Laying Bare the Primordial Roots of the Middle East Crisis

 

Monday  May 26, 2003

Neil Berry, Special to Arab News

LONDON, 26 May 2003 — Much has been made of British Prime Minister Tony Blair’s commitment to the creation of a Palestinian state. Much has been made too of the promise he allegedly wrung from George Bush: That — in return for British support in the war against Iraq — the United States would do its utmost to make the Palestinian state a reality.

No doubt the British prime minister is genuinely concerned to push for a resolution of the Palestinian-Israeli conflict. Yet one may wonder just how even-handed Blair’s approach to that conflict really is. No more than Bush himself has Blair taken conspicuous steps to consult Arab opinion. When he came to power in 1997, he appointed as his adviser on the Middle East the wealthy businessman Lord Levy — a British Jew about whose intimate ties with Israel there has never been any secret. What has stopped him from recruiting a counterbalancing Arab adviser on the region’s affairs?

The fact is that exponents of the Palestinian point of view are kept at arms length by the political establishments of both London and Washington. It is hard to imagine Blair or Bush extending the hand of friendship to so forthright an advocate of the Palestinian cause as the US-based academic and political intellectual Edward Said — let alone exposing themselves to the influence of such an individual.

Admittedly, none of this has stopped Said from becoming renowned for his incisive contributions to the debate on the Middle East — even if his status remains that of a somewhat suspect, if not positively subversive, figure. Indeed, Tony Blair would almost certainly be loath to be seen in Said’s company for fear of sending out what, in present-day mediaspeak, is known as the “wrong signal.” Not that Britain’s philistine, big business-fixated leader is often seen in the company of writers and intellectuals of any description.
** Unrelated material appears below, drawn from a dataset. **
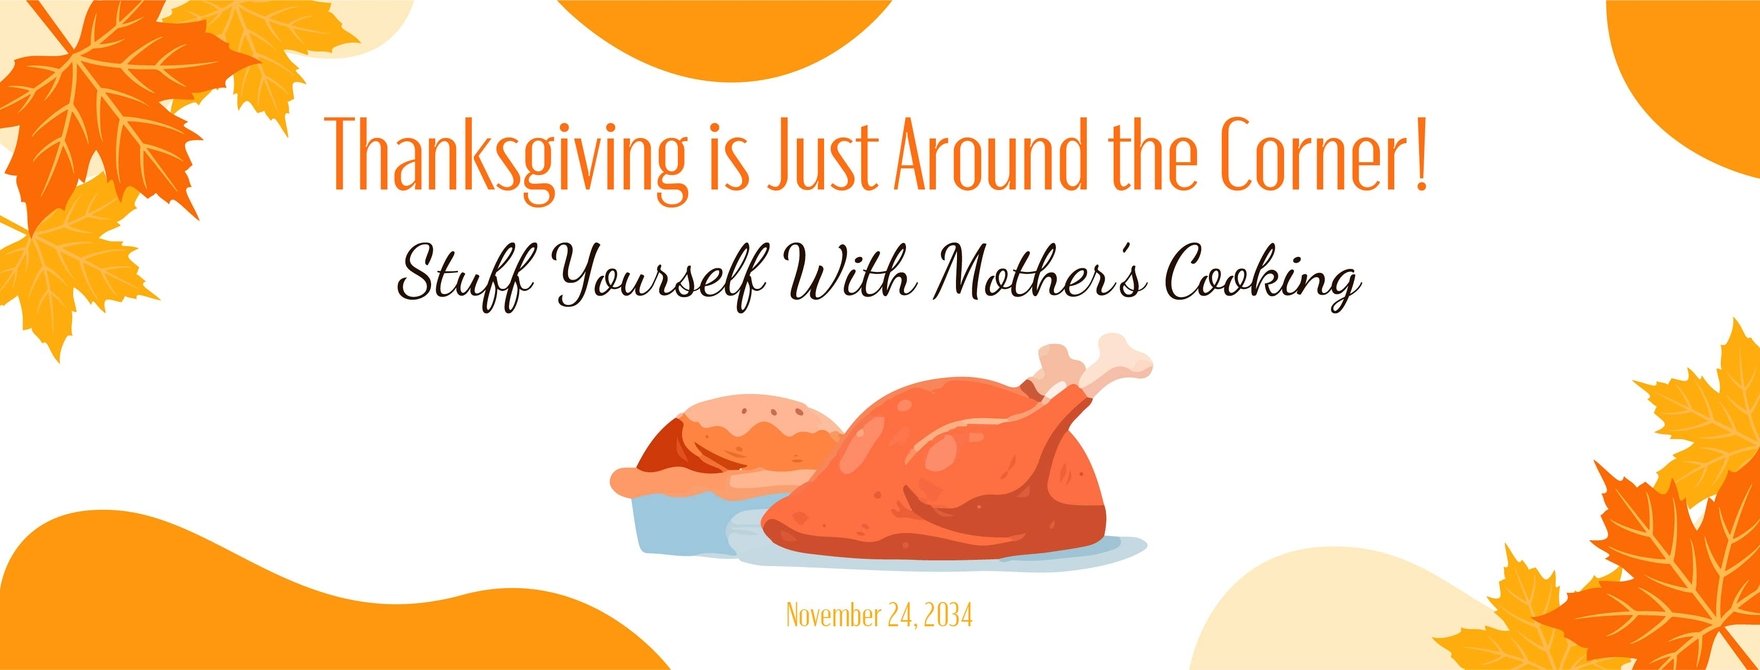 Thanksgiving Day Facebook Cover Banner

When he comes to London, as he not infrequently does, Said is at least welcome at the BBC. Last week, he took part in BBC Radio Four’s popular discussion program Start the Week. Several million listeners in Britain and beyond heard the prolific Palestinian critic talk about his latest publication, “Freud and the Non-European”. Originally a lecture delivered at the behest of London’s Freud Museum, this brief but characteristically polemical work represents the latest installment in Said’s long-running campaign to radicalize public perceptions of the Palestinian-Israeli conflict.

In the course of it, he seeks to lay bare the primordial roots of the Middle East crisis, raising challenging questions about the nature of Jewish identity and the very rationale underlying the state of Israel.

An exemplary citizen of the world, the Jerusalem-born Said feels a natural sense of affinity with Freud, the cosmopolitan intellectual who, in his late work “Moses and Monotheism” cast doubt on conventional Jewish wisdom about the historic exclusiveness of the Judaic identity. As Said points out, Freud maintained that Moses was not in fact a Jew but an Egyptian and therefore, in a strict sense, inadmissible as the legislative progenitor of the Jewish race. Said’s contention is that, if Freud’s skepticism had been heeded, the evolution of the Jews and of Jewish thinking (and of the world) could have taken another course altogether. How different things might have been, he suggests, had Israel’s ideological founders not “canceled” Freud’s deliberate “opening out of Jewish identity toward its non-Jewish background.”

“Freud and the Non-European” is especially fascinating for its observations on the Israeli preoccupation with archaeology. Archaeology, Said remarks, became the “privileged Israeli science par excellence” because it was seen as a means of dispelling the alienation experienced by European Jews in newly established Israel; it was felt to be a “royal road” to Jewish-Israeli identity, a means of literalizing the Bible and of giving flesh and bones to the history of a long-scattered people. Riddled with nationalist preconceptions, Israeli archaeology has, on this reckoning, been deployed to underline the historic pre-eminence of the Jewish claim to the “Holy Land”, to rationalize what amounts to a colonial settlement.

By contrast, Freud, according to Said, was convinced that even so seemingly certain a thing as the racial identity of the Jews was simply not susceptible to being incorporated into one great definitive identity. And he saw Moses, the non-European Egyptian, as the great symbol of the futility of any such project. In the quixotic closing pages of his lecture, Said proposes that the questions thrown up by the founder of psychoanalysis about the essentially unresolved nature of Judaism could yet, in the fullness of time, form the basis of a “binational” state, with Jews and Palestinians figuring as integral parts, rather than antagonists, of each others’ history.

Given the great population shifts and proliferating “hyphenated” identities of the present era, Said is surely right to say that there are very general lessons to be derived from Freud’s discussion of the problematic nature of racial self-definition. Yet it hardly needs emphasizing how far removed his philosophical speculations are from the actual everyday agony of the Palestinian-Israeli conflict. Said, the urbane cosmopolitan, is liable to the charge that he is a mere dreamer, blind to the difficulties ordinary people face in breaking free from old tribal behavior patterns.

The highbrow inter-racial friendship he enjoys with the similarly cosmopolitan Jewish conductor Daniel Barenboim is one which, in today’s bitterly polarized world, few seem capable of emulating.

Still, there is surely too little dreaming in contemporary public life, too little of the utopian spirit of the 1960s, as embodied in idealistic radicals of that time like Martin Luther King. Edward Said’s achievement is not just to have articulated the claims of the dispossessed but to have tirelessly projected a vision of what might be. It is an achievement that is all the more impressive considering his uncertain health in recent years — not to mention the entrenched institutional opposition that he has had to overcome.

If this remarkable Palestinian humanist did not exist, what an urgent need there would be to invent him.